[Extracted data entries]
····················

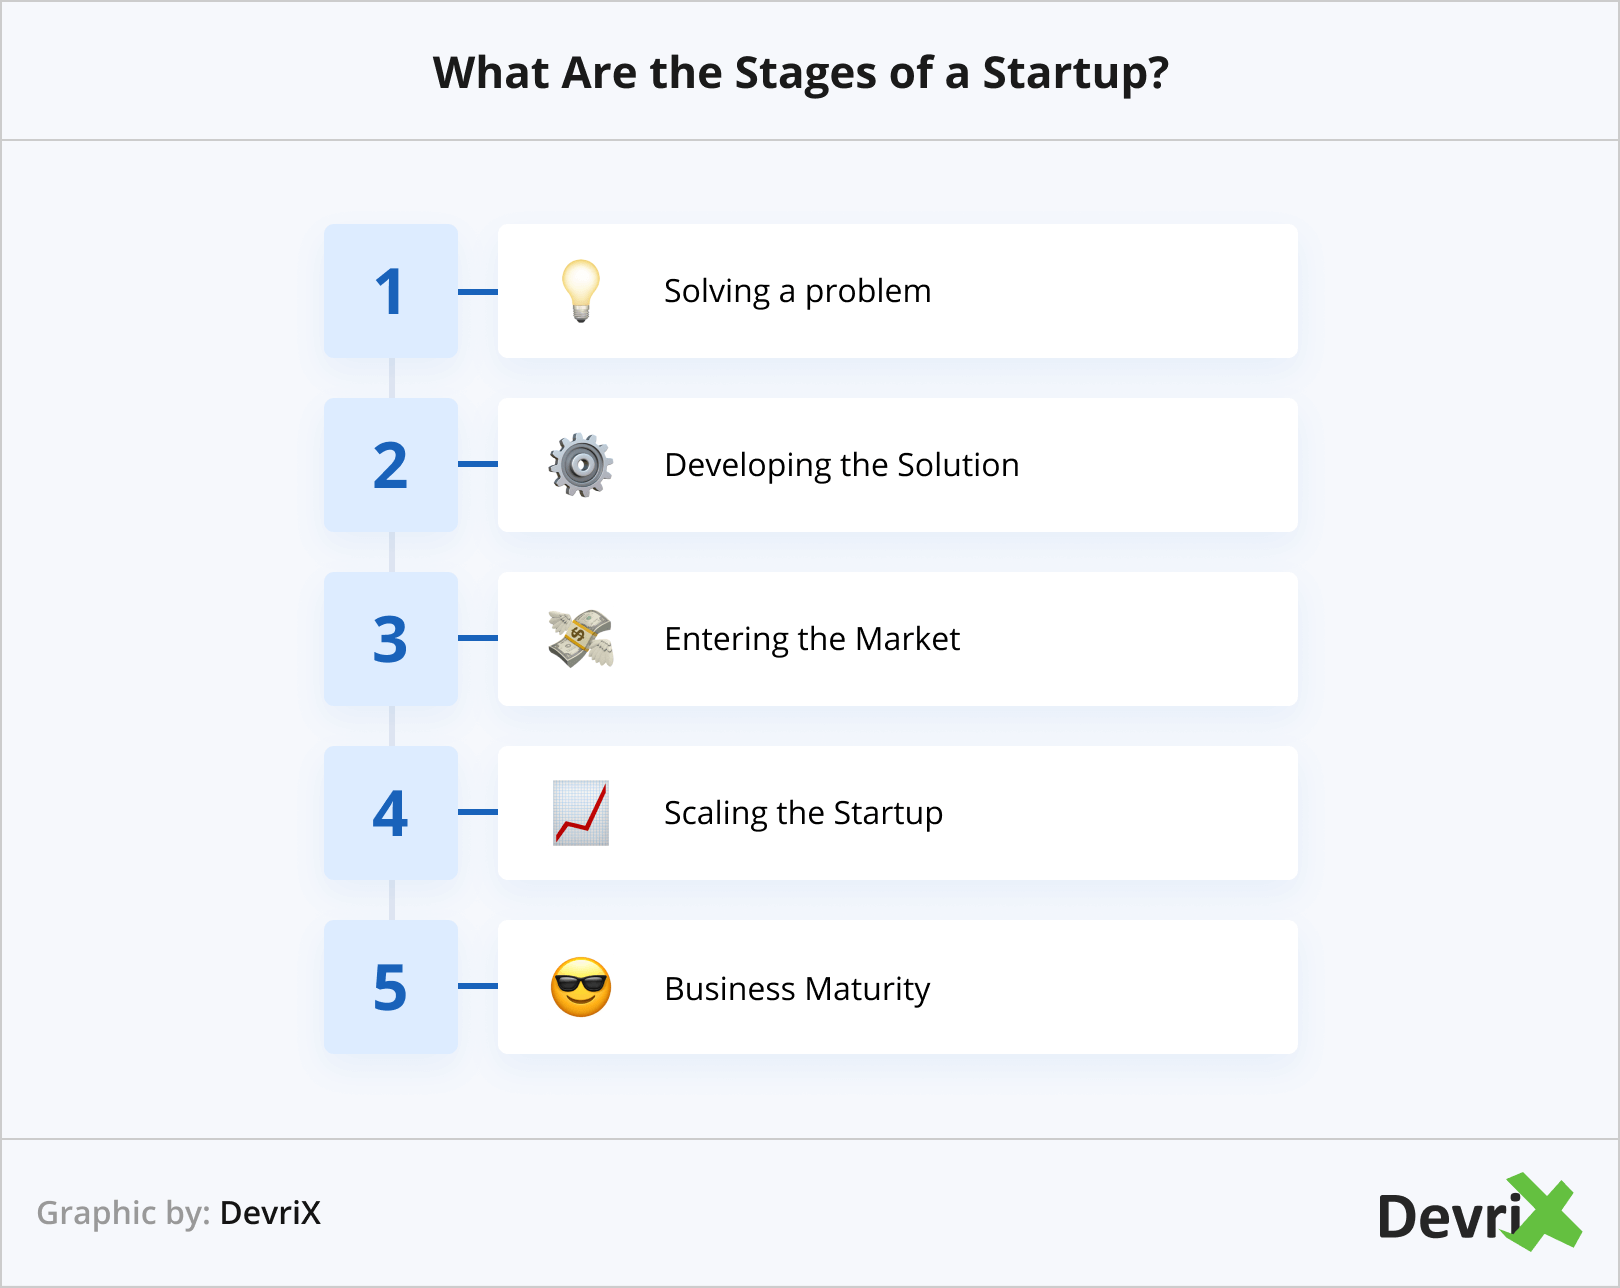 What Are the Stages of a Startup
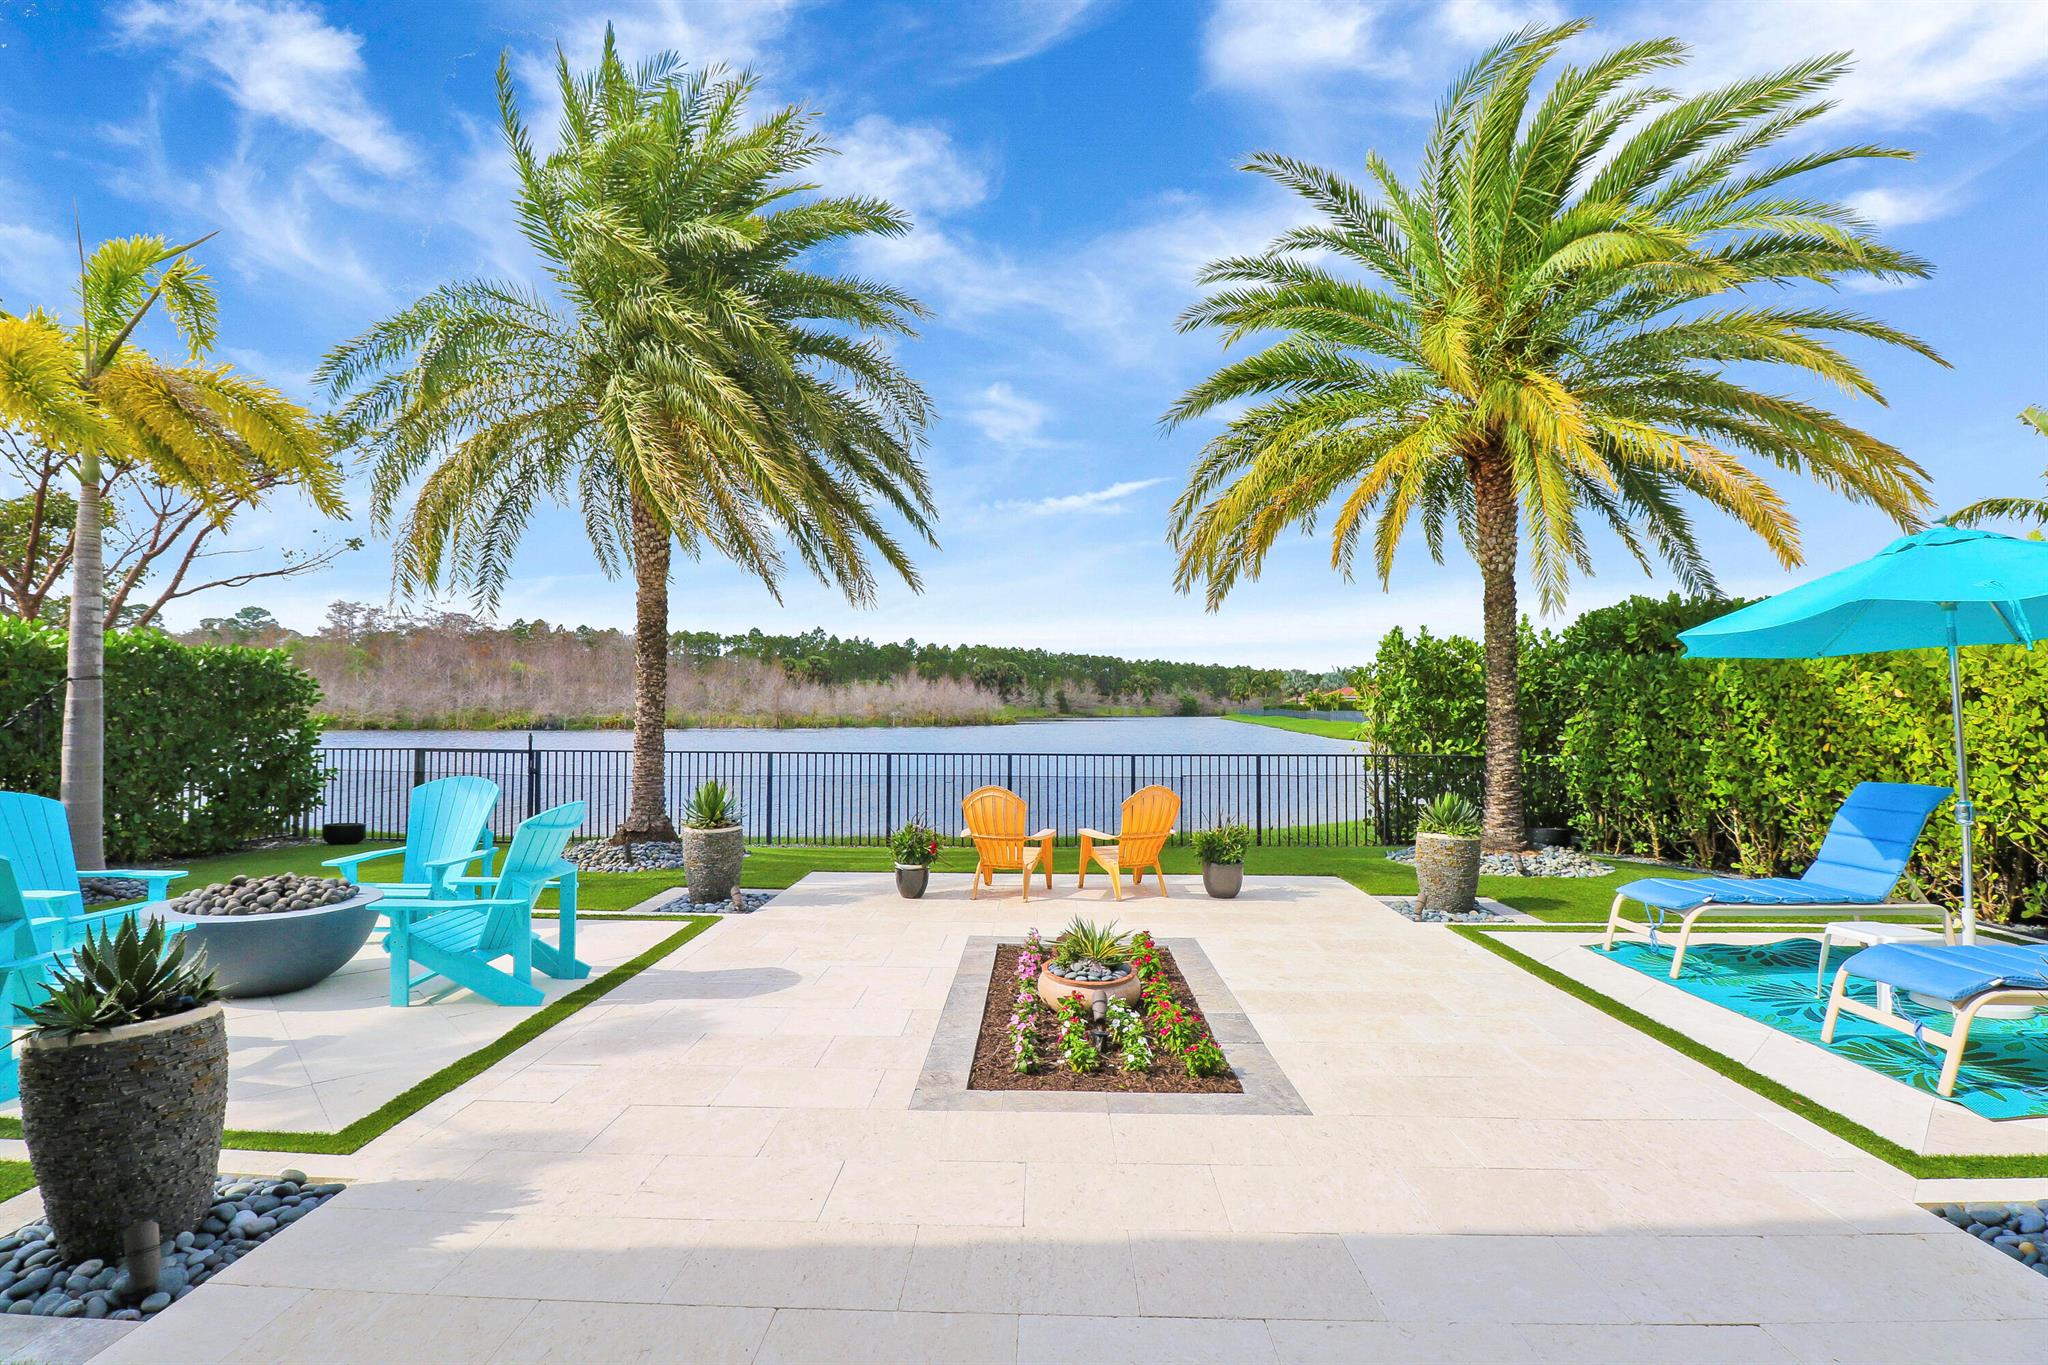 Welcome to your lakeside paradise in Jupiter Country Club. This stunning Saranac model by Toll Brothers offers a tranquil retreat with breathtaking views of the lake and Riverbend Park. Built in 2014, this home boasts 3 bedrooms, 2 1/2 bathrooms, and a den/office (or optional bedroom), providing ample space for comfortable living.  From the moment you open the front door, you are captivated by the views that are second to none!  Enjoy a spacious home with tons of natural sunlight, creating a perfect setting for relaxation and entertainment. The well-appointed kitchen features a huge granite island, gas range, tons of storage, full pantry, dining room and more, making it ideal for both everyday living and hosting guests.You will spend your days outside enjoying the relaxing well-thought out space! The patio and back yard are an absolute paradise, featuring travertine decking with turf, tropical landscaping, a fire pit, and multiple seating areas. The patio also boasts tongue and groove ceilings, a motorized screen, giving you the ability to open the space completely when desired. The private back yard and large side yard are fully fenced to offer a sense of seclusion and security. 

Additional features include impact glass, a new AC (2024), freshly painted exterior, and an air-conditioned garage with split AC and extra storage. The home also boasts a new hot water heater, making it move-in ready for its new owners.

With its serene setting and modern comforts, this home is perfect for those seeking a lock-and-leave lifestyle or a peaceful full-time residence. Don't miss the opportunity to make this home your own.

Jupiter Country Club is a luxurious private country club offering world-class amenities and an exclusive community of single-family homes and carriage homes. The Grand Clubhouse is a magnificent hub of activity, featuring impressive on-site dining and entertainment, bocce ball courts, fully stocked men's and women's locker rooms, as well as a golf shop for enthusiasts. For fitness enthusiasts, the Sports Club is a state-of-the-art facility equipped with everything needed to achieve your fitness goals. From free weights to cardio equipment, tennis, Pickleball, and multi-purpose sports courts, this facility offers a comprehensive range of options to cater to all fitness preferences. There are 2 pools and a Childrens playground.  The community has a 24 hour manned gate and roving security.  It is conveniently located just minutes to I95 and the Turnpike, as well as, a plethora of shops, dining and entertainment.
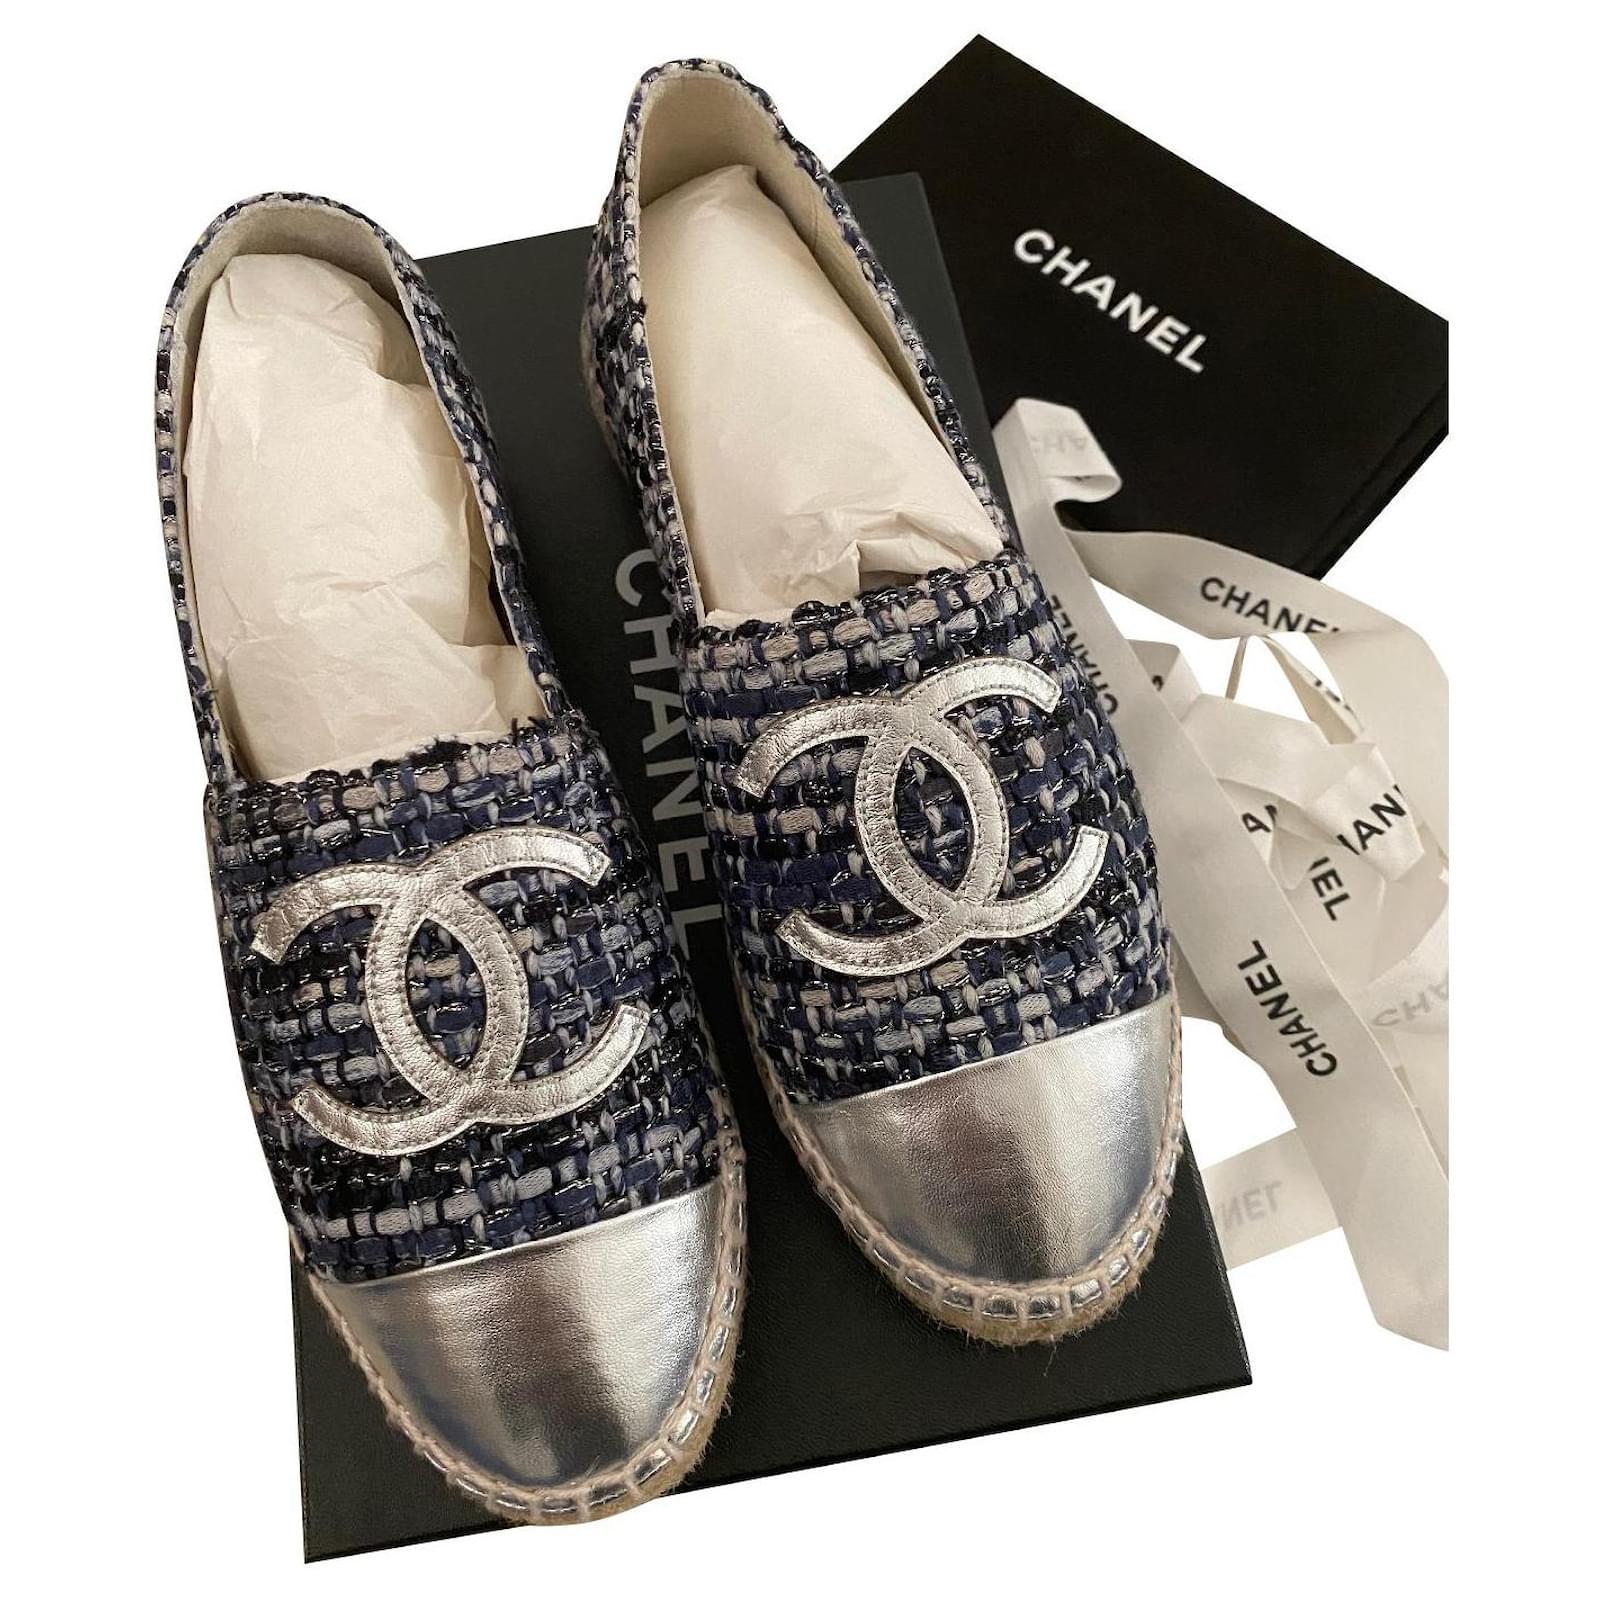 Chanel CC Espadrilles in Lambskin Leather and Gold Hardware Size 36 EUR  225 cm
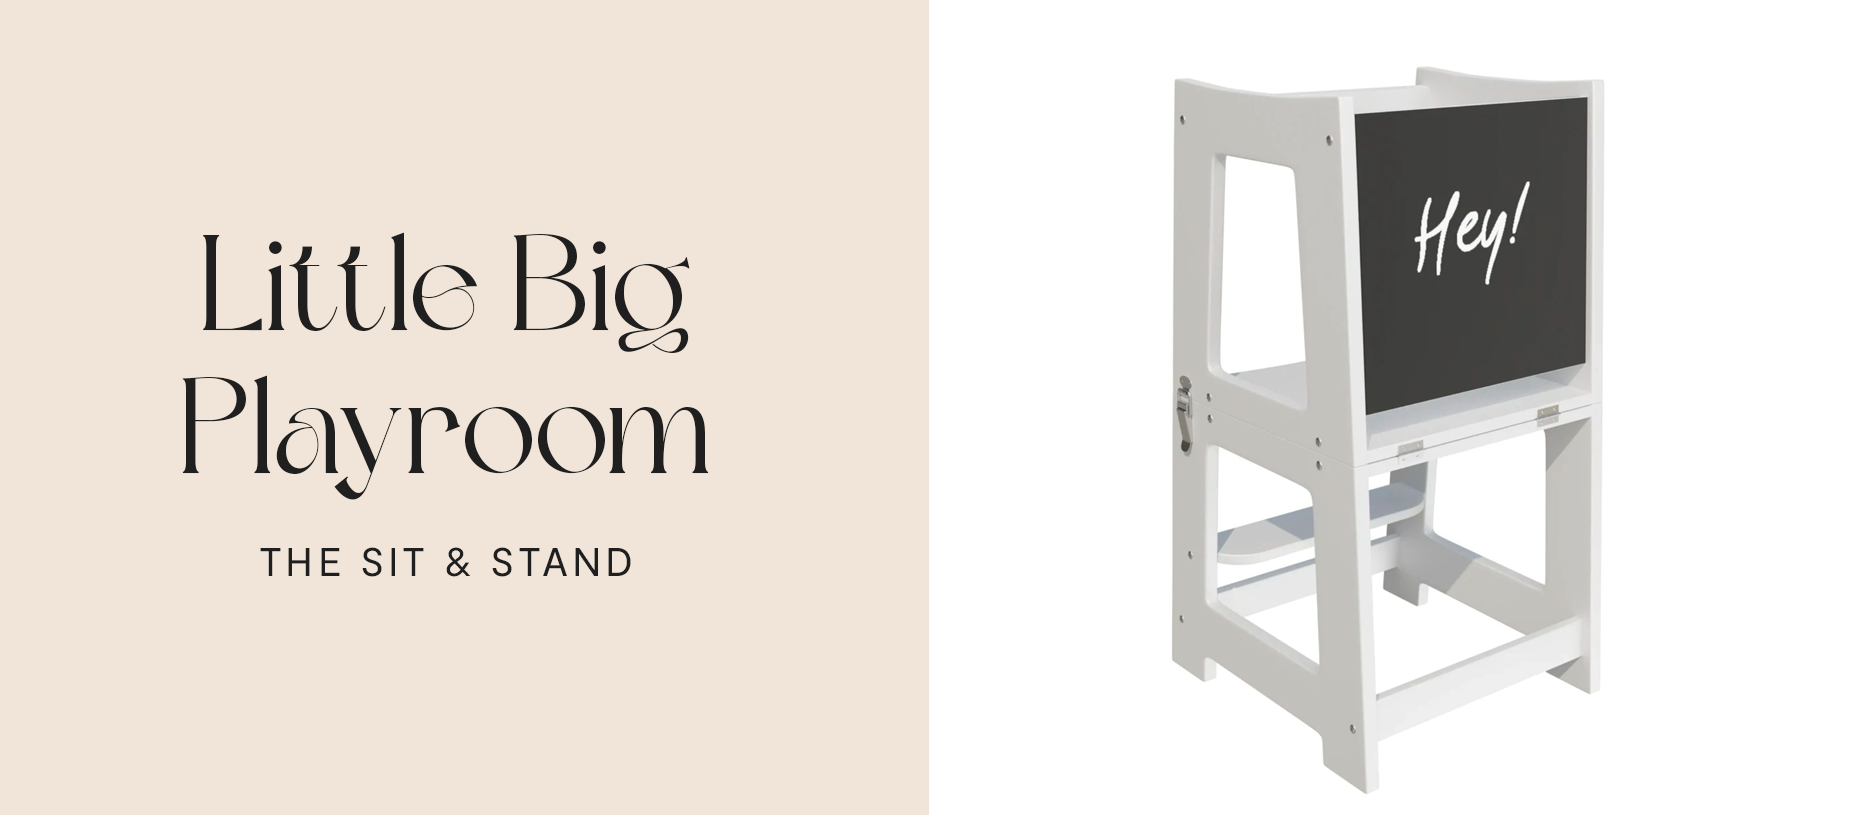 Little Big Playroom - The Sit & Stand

····················

**WHAT YOU HAVE TO DO**
In the entries above, find the line with "Additional features include" and the line with "With its serene", then restate word for word both of them and every line between, with nothing more.

**OUTPUT OF THE TASK**
Additional features include impact glass, a new AC (2024), freshly painted exterior, and an air-conditioned garage with split AC and extra storage. The home also boasts a new hot water heater, making it move-in ready for its new owners.

With its serene setting and modern comforts, this home is perfect for those seeking a lock-and-leave lifestyle or a peaceful full-time residence. Don't miss the opportunity to make this home your own.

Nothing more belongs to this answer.